▸ **EXERCISE DETAILS**: Could you repeat, word for word, only the lines from the one containing "Producer - Bernini" through the final line of the records below?

[Source data]
'''

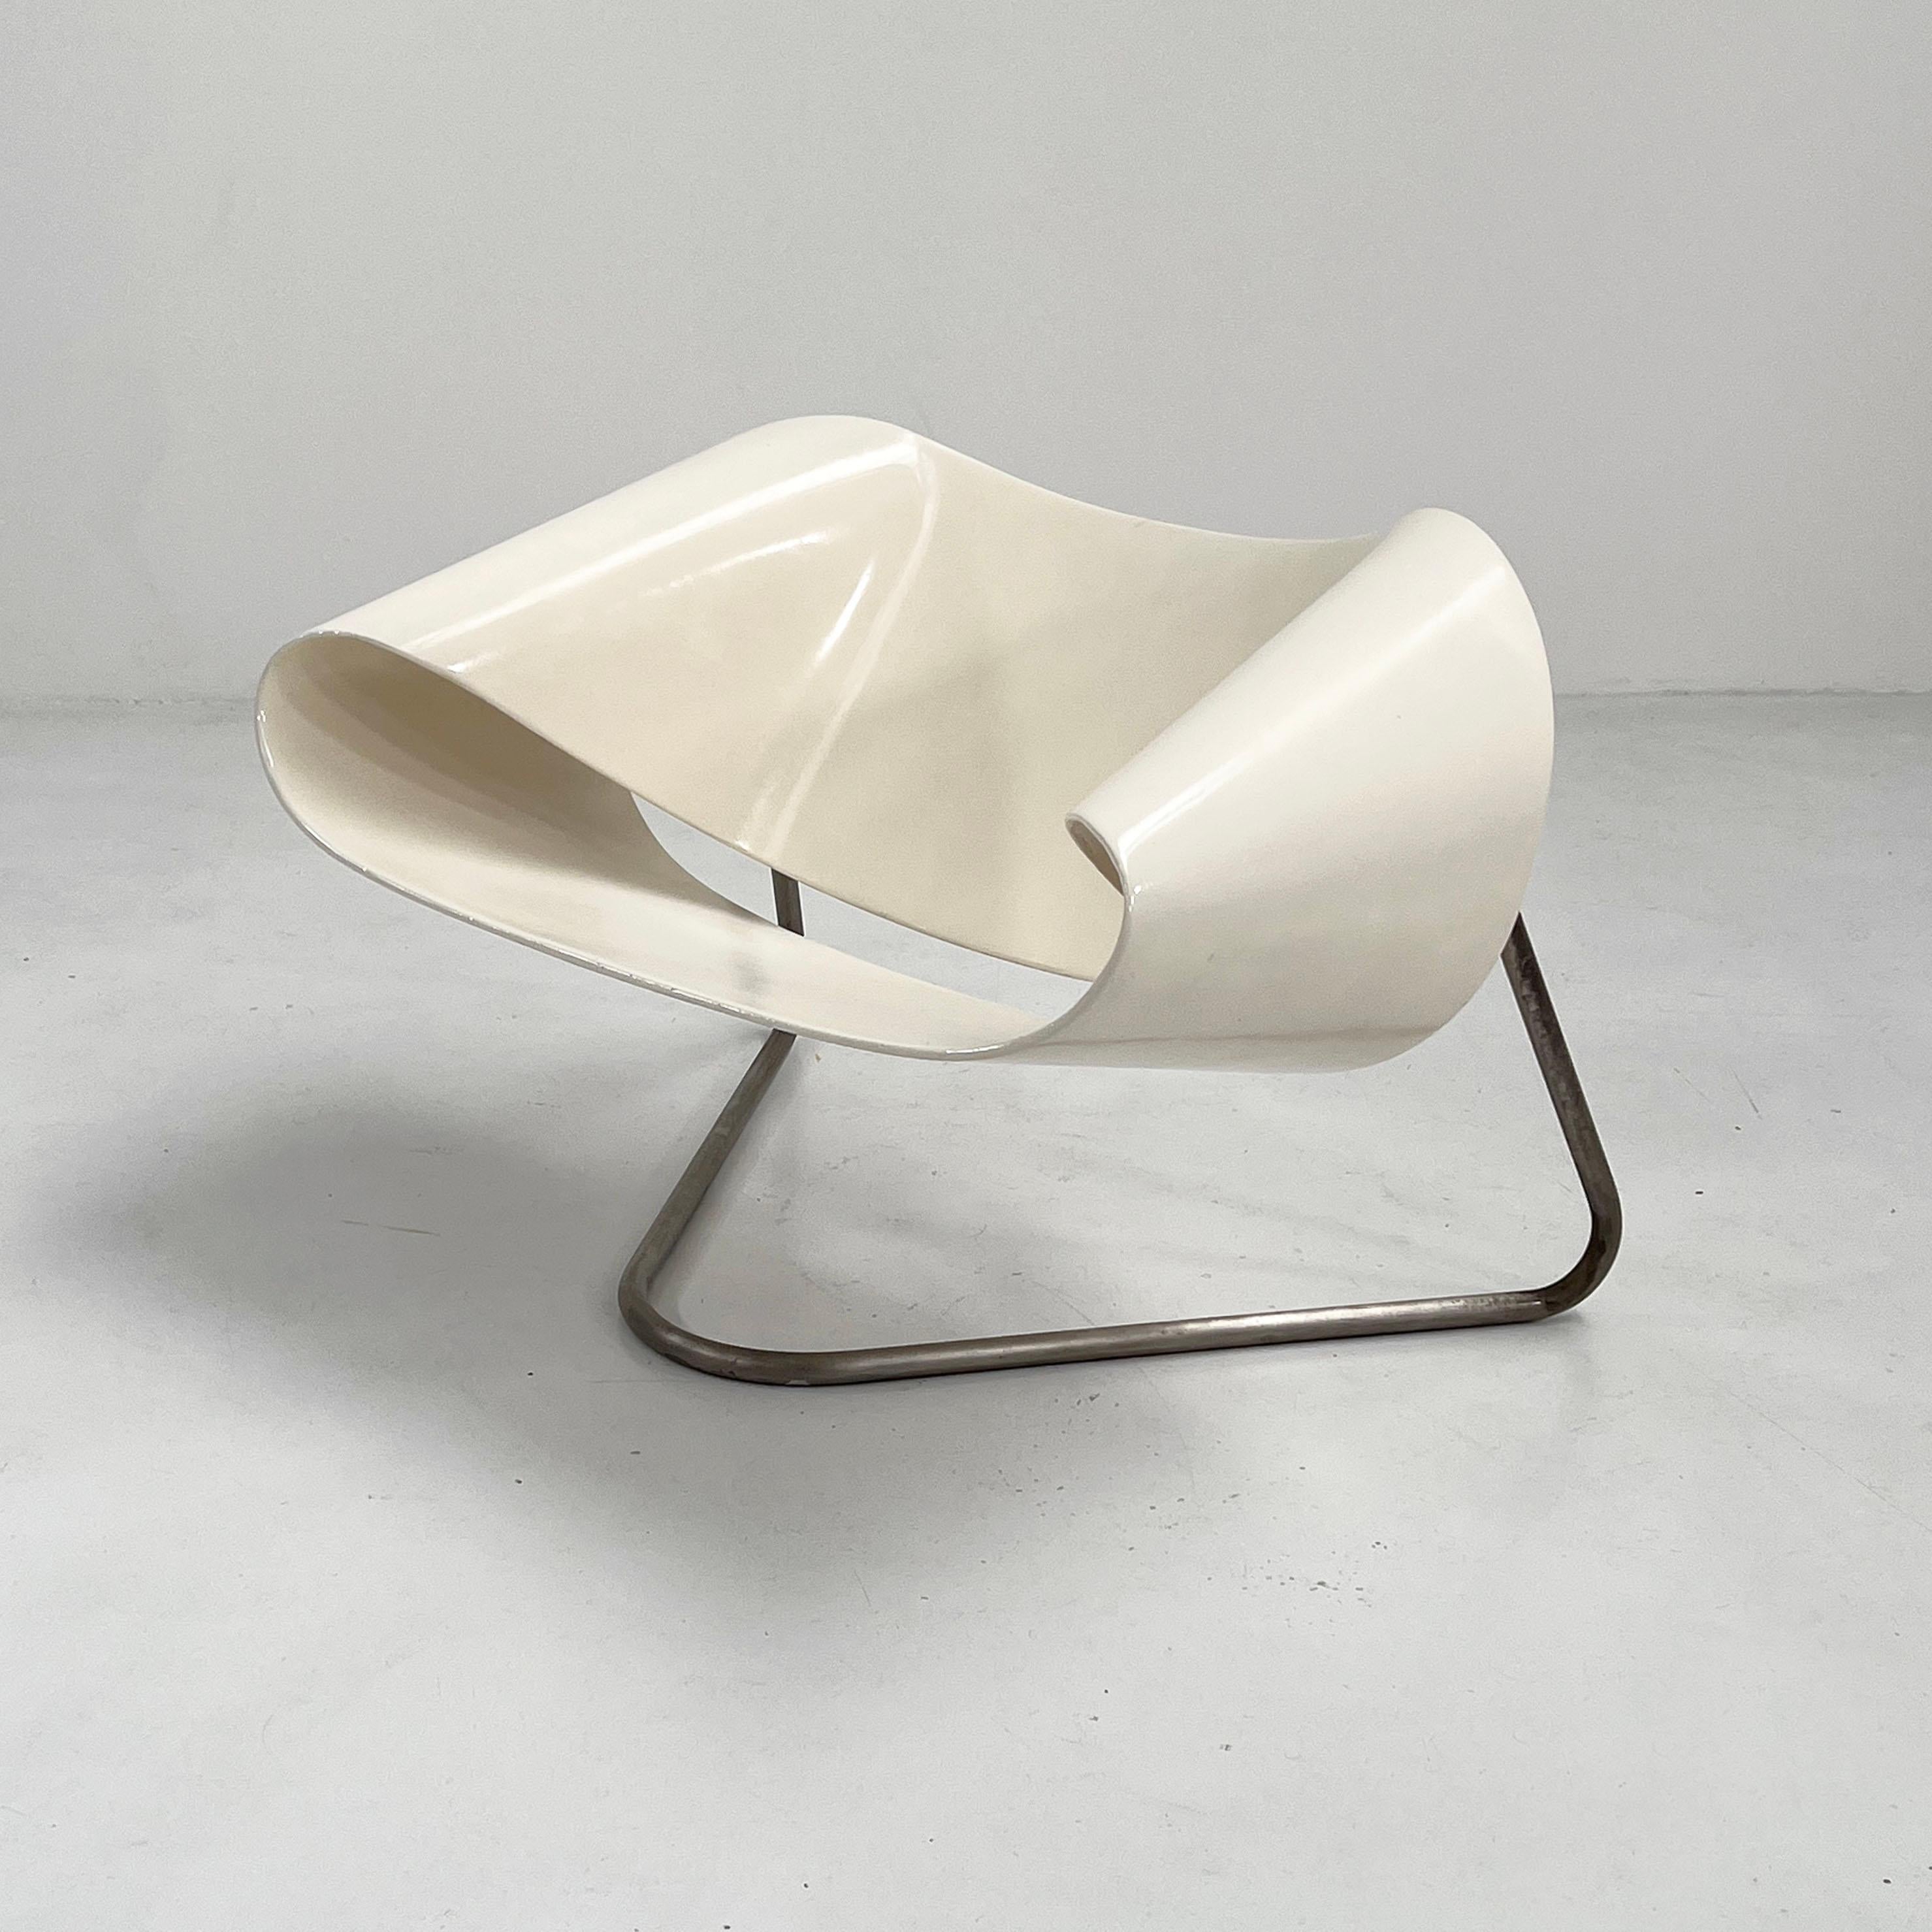 Designer -  Franca Stagi & Cesare Leonardi 
Producer - Bernini
Model - Model CL9 Ribbon Chair
Design Period - Sixties
Measurements - Width 91 cm x Depth 75 cm x Height 64 cm x Seat Height 36 cm
Materials - Fiberglass, Metal
Color - White,

'''

▸ **FINISHED TASK**:
Producer - Bernini
Model - Model CL9 Ribbon Chair
Design Period - Sixties
Measurements - Width 91 cm x Depth 75 cm x Height 64 cm x Seat Height 36 cm
Materials - Fiberglass, Metal
Color - White,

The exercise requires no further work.